Tony smacked a hand to his face hard at that. Because, god dammit, his kid was going to kill him one of these days. Peter was going to give him a heart attack and not think twice about it because apparently having an ungodly number of bullets in him – and ungodly meaning more than one – wasn’t anything of concern.
“Peter, how many bullet are in you at this very moment?” Tony asked point blank.
It went quiet on the other end of the line and Tony could see Peter in the lobby’s camera feed counting on his fingers. The security guard was looking at him with a furrowed brow as if the kid was crazy. Tony was about to scream when Peter got onto his second hand for counting.

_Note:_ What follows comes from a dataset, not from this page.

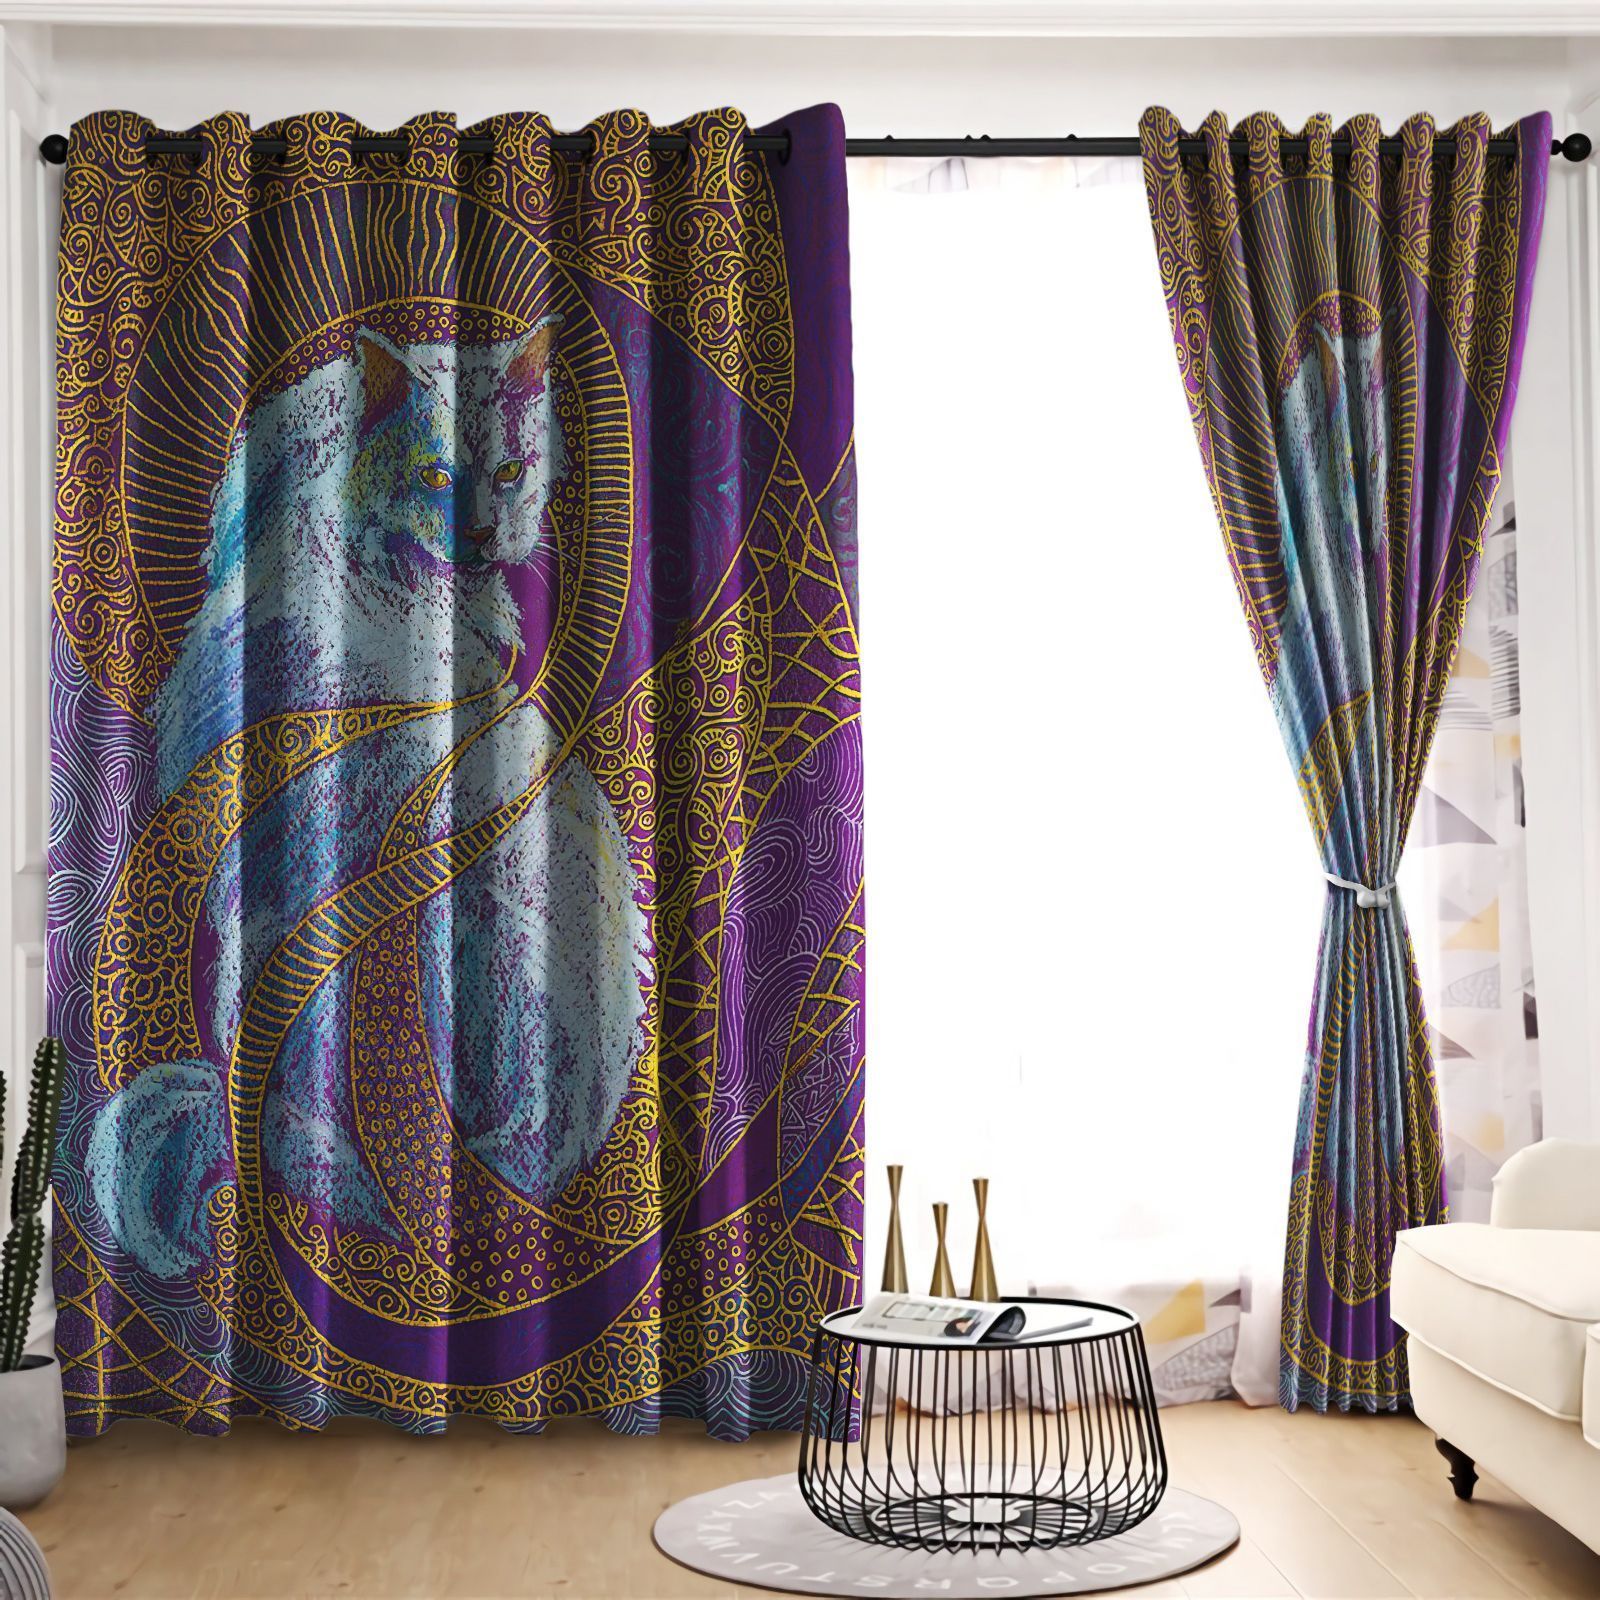 Grumpy Cat Golden Galaxy Printed Window Curtain Home Decor

“I wanna say…like 8,” Peter said confidently.
Tony inhaled very sharply at that answer. “Peter, I am coming to get you right now and if you are anywhere other than the lobby, I will launch a city-wide manhunt for you.”
“Why I would I go anywhere?” Peter laughed. “That would defeat the purpose of asking you to come down and get me.”

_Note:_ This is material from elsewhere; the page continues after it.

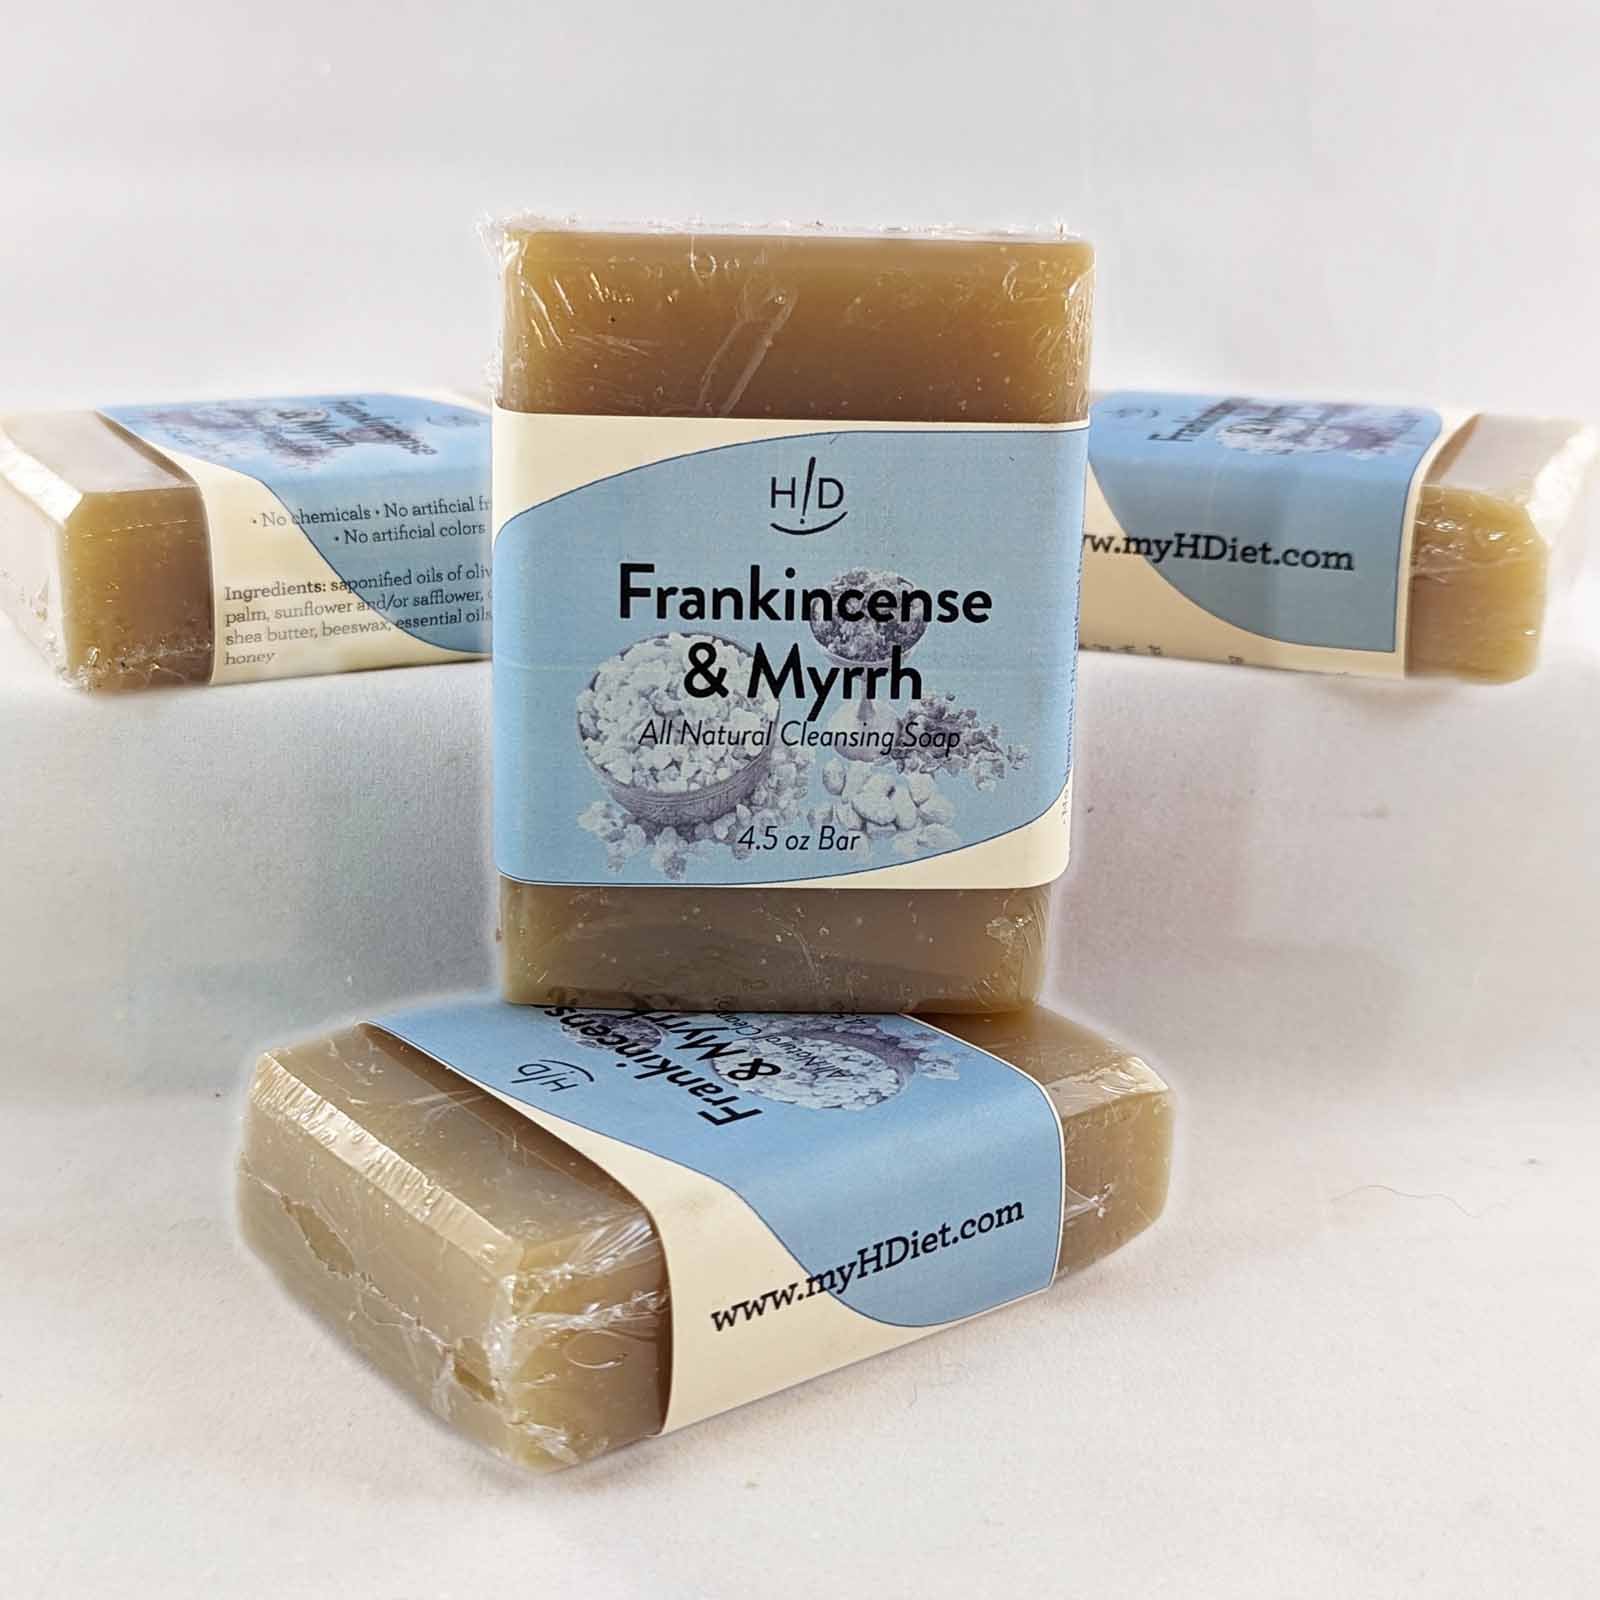 Frankincense and Myrrh Soap

Tony hung up on Peter, not even bothering to snap back at his dumbass kid that thought it was okay to carry on with like after being shot multiple times with the bullets still inside him. With fists curling at his sides, Tony stalked over to the elevator that Friday already opened for him. As soon as he was standing in the middle and turning around to face the door, Friday was closing it and lowering the elevator all the way down to the ground floor of his building.
On the way, Tony sent a message to May to let her know that her nephew is a dumbass and is going to be going into emergency surgery shortly. All she sent back was a disappointed emoji and that she would be there as soon as she could. The elevator dinged as it reached the ground level and the doors opened to show Tony a view of the lobby.

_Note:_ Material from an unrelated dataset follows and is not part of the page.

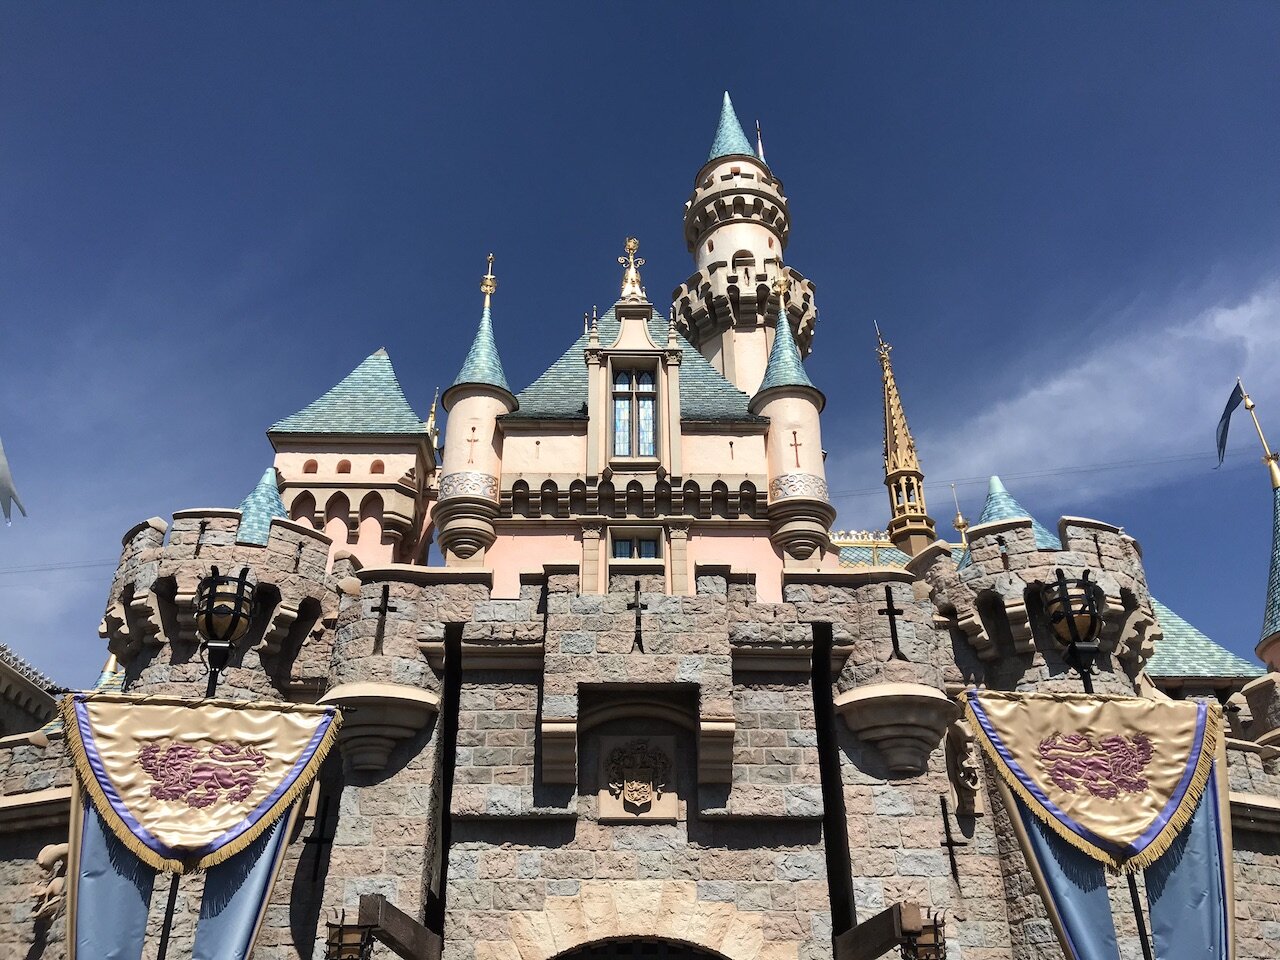 Disneylandia versus Walt Disney World

Peter was still on the other side of the metal detectors with his hands flying in the air as he regaled the security guard with something. “And that’s how I stuck an entire pencil up my nose,” Peter said to the security guard that was looking visibly pale.
“And this pencil was sharpened?” the guard gasped in shock and disgust.
“Oh yeah,” Peter grinned with a nod. “Why would you have a dull pencil?” Tony could see the security turn an uneasy shade of green.
“Parker!” Tony yelled across the lobby to spare his security guard losing his lunch by whatever out-of-left-field story Peter had for him. His kid had the strange talent of telling the most startling story without any prompting that had Tony shivering in either shock, fear, or disgust – sometimes all three.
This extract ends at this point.